Tablet computer by Samsung

The Samsung Galaxy Tab 8.9 is an Android-based tablet computer designed and manufactured by Samsung, introduced on 22 March 2011 at the CTIA wireless convention in its Samsung Unpacked event in Orlando. It is part of the Samsung Galaxy Tab series, and features an 8.9-inch display and a 1 GHz dual-core Nvidia Tegra 2 processor.

== History ==
Coinciding with Samsung's reintroduction of the new, slimmer 10.1" model at the Samsung Unpacked Event during CTIA Wireless convention in March 2011, it also released a new 8.9" model which packed with the same design, dimension and specs with the only difference in the screen size and was released on 2 October.

== Software ==

The Galaxy Tab 8.9 runs Android 3.1 Honeycomb with a custom TouchWiz overlay.

==Features==

===Update===
Samsung has now given users in Italy, UK, and United States the Android 4.0.4 Ice Cream Sandwich operating system to the Samsung Galaxy Tab 8.9 and the Samsung Galaxy Tab 10.1, at various points in August 2012.
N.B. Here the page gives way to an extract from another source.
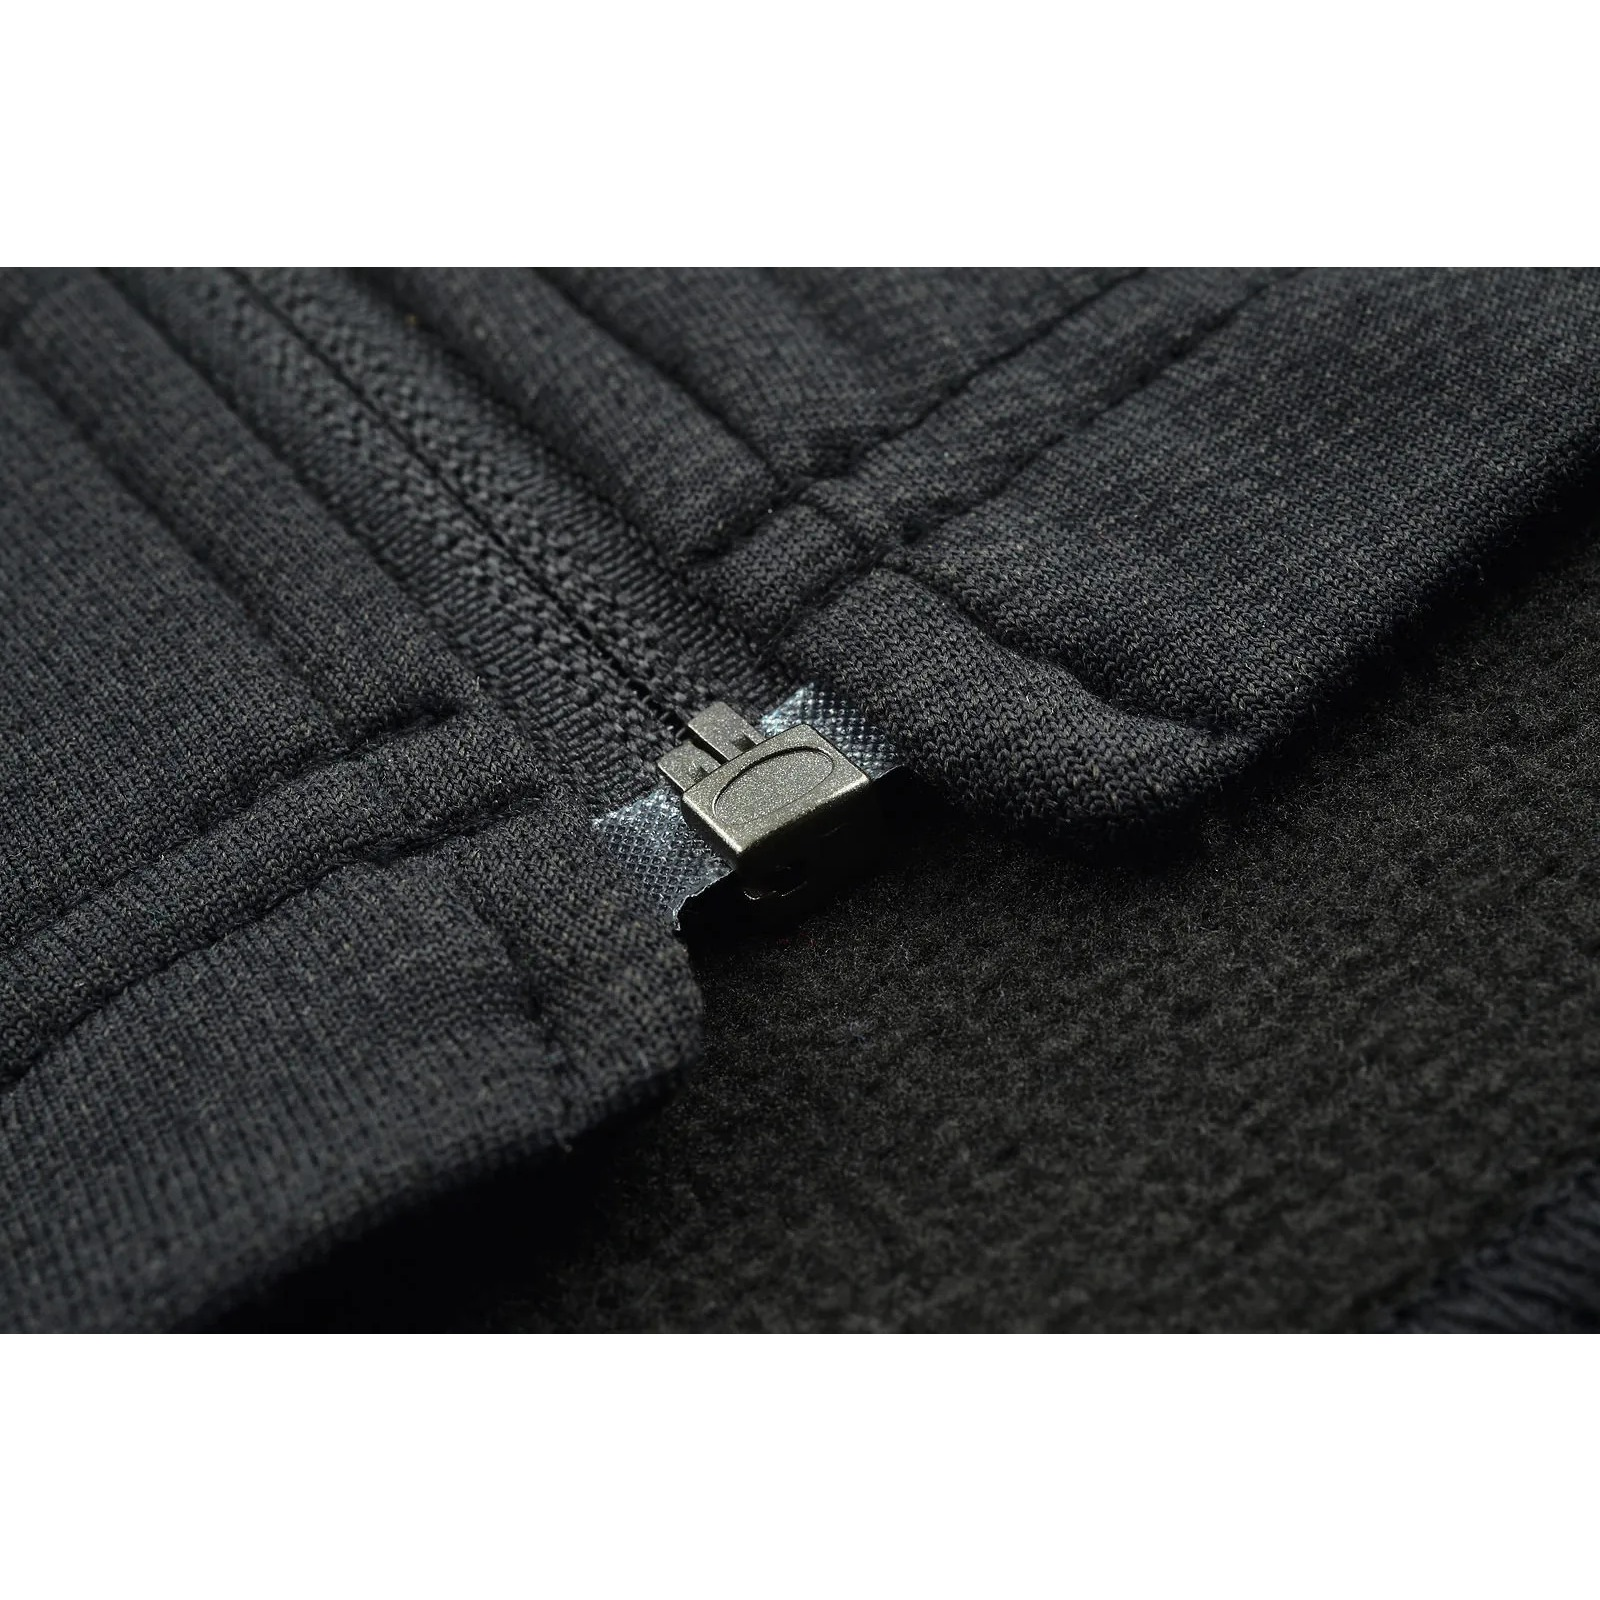 Imagen de 7mesh Apres Chaqueta con capucha para hombres - Black

Samsung has begun rolling out an over-the-air update to the new TouchWiz UX interface, which will consist of:

- L!ve Panels: A set of custom widgets and panels which will provide additional contents to Honeycomb, like weather, calendar, and more. The widgets and panels are resizable, following a grid pattern.
- Mini Apps Tray: An additional dock-like bar which will give access to the most commonly used applications.
- Social Hub: An integrated messaging application which aims to center the user's social life, unifying the inboxes and timelines of multiple services like Gmail, Facebook, Twitter, and many others, splitting them into "Feeds" (updates) and "Messages".
- Reader's Hub: A store that will allow the user to download e-books to the Galaxy Tab. Samsung claims that it will feature around 2 million books, 2,000 newspapers in 49 languages, and 2,300 magazines in 22 languages, which is available only in the US.
- Media Hub: A video on demand service, which is available only in the US.
- Music Hub: A music on demand service, which is available in the US and now in Australia.

== Hardware ==

The Galaxy Tab 8.9 feature a 1 GHz dual-core processor, 1 GB RAM, and a 3-axis MPU-3050 gyroscope from InvenSense.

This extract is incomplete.